Pernicious anemia (PA) is megaloblastic anemia which results from a deficiency in cobalamin (vitamin B12) due to a deficit of intrinsic factor (IF). Intrinsic factor is a glycoprotein which binds cobalamin and therefore enables its absorption at the terminal ileum.
Pernicious anemia is often described as an autoimmune disorder due to the findings of gastric autoantibodies directed against both IF and parietal cells. Pernicious anemia also correlates with other autoimmune disease and as well as a genetic disease.[1]

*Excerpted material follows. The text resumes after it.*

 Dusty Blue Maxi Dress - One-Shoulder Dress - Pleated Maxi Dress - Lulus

The clinical presentation of pernicious anemia is multifarious and insidious in onset. Symptoms may include fatigue, pallor, paresthesia, incontinence, psychosis and generalized weakness. The diagnosis is problematic secondary to the restricted availability of diagnostic tools. Treatment aims at repletion of therapeutic doses of vitamin B12 either through intramuscular injections or orally. When the disease remains undiagnosed and untreated for an extended period, it may lead to neurological complications and even fatal anemia.

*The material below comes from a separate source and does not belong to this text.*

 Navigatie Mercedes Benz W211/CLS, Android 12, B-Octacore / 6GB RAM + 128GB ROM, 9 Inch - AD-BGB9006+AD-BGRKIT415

The present article exposes the epidemiology, pathogenesis, clinical presentation, evaluation, and treatment of pernicious anemia.
Research has identified two etiologies for pernicious anemia:
1. Autoimmune:
Autoimmune gastritis characterized by the destruction of gastric parietal cells and the resulting lack of the glycoprotein intrinsic factor which is secreted by these cells. The antibodies identified with autoimmunity are:
Intrinsic factor antibodies (IFA) and parietal cell antibodies (PCA)

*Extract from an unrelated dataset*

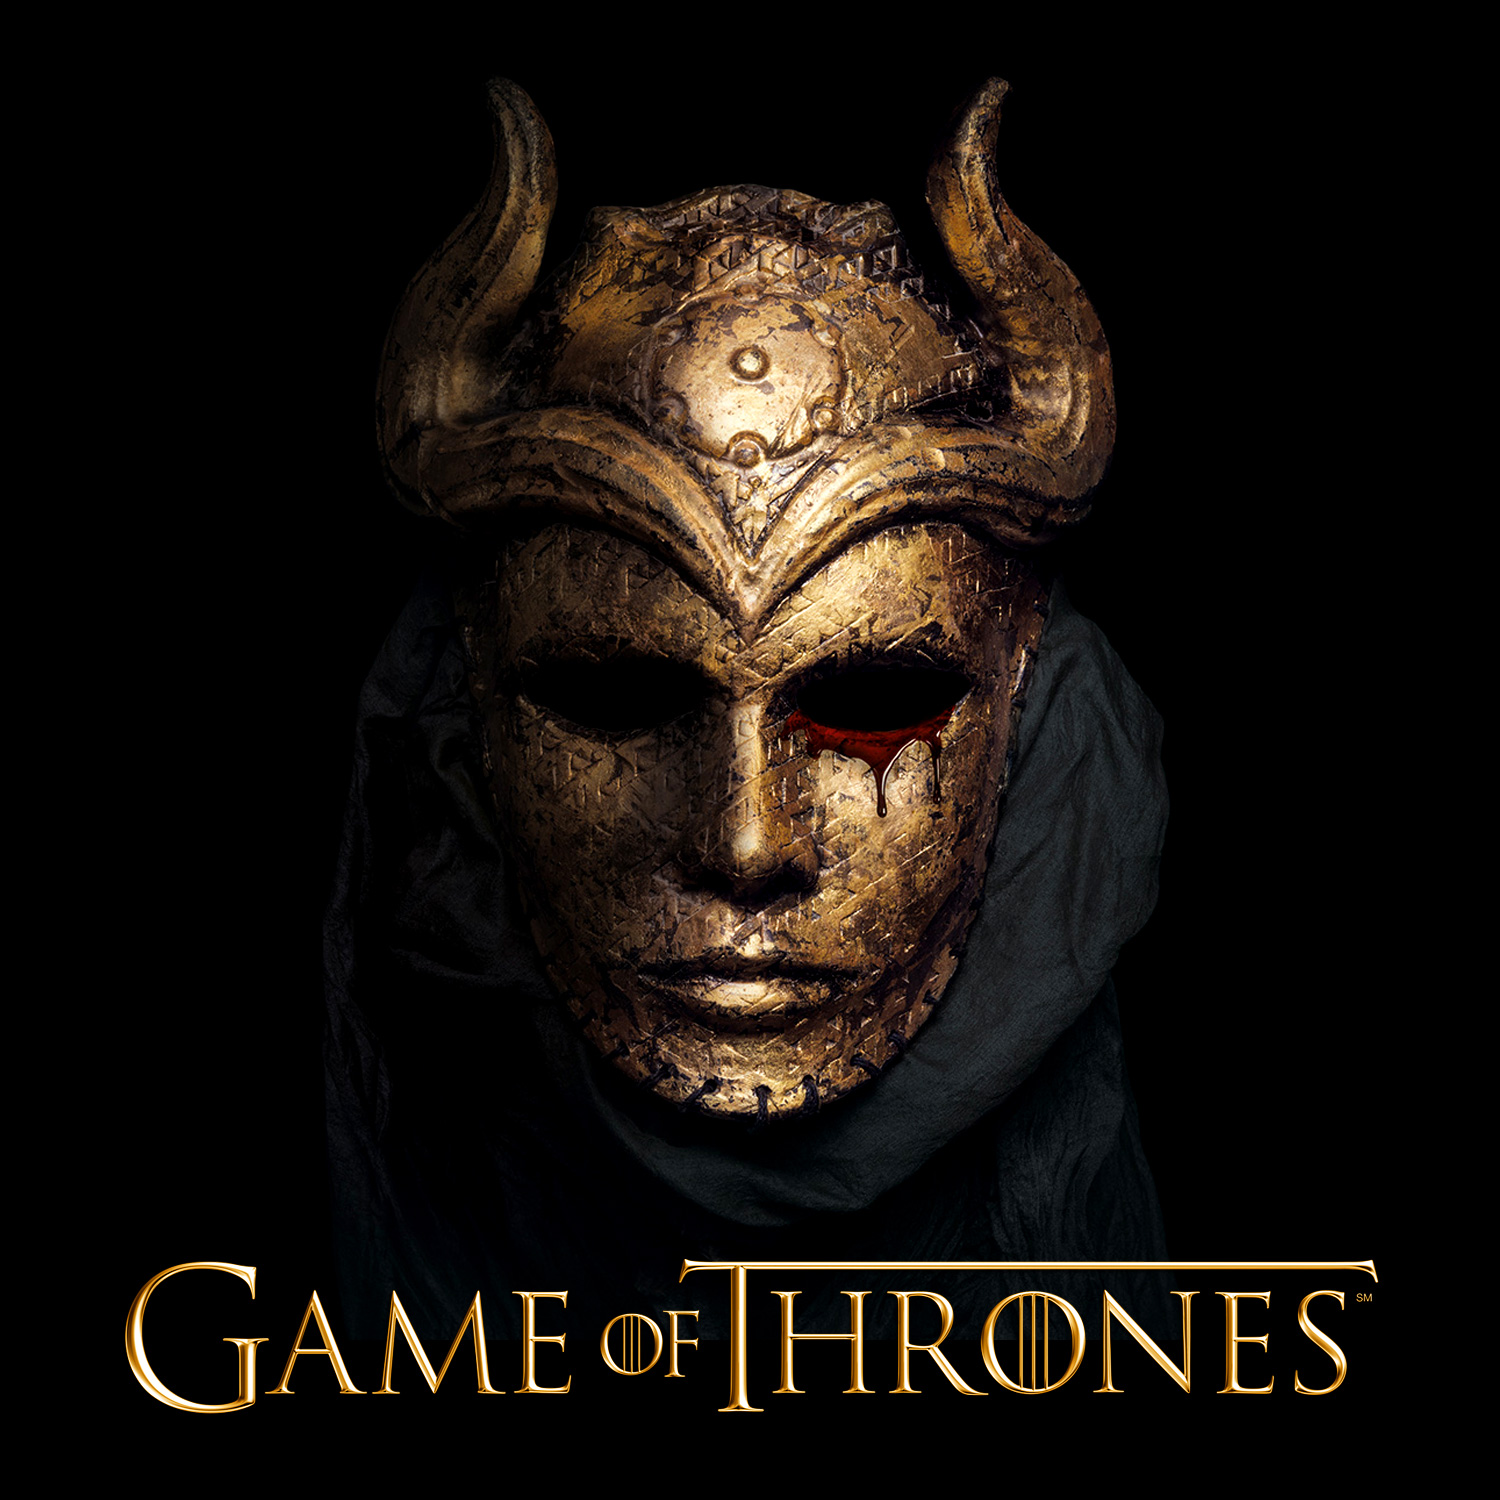 game of thrones season 2 dvd cover art

Parietal cell antibodies: They work against the parietal cell proton pump ATPase. The primary targets of parietal cell antibodies are the proton pump subunits: alpha and beta. Parietal cell antibodies are determined to be immunoglobulins from the following isotypes: M, G, and A, which operate against both subunits.[2]
Intrinsic factor antibodies: These are immunoglobulin G isotype, and they can be either type 1 or type 2 antibodies. Type 1 conducts against the cobalamin binding site. Type 2 acts against the ileal mucosa receptor.[3]
Other autoimmune diseases:
Pernicious anemia can be associated with autoimmune diseases, such as type 1 diabetes (3% to 4%), vitiligo (2% to 8%), and autoimmune thyroid disease (3% to 32%). This association has led to studies exposing that HLA alleles may be related to autoimmune gastritis. HLA-DRB1/03 and HLA-DRB1/04 alleles may predispose to autoimmune gastritis.[4][1]
2. Genetics:
Researchers have also identified congenital and juvenile forms of pernicious anemia which are thought to follow an autosomal recessive inheritance pattern.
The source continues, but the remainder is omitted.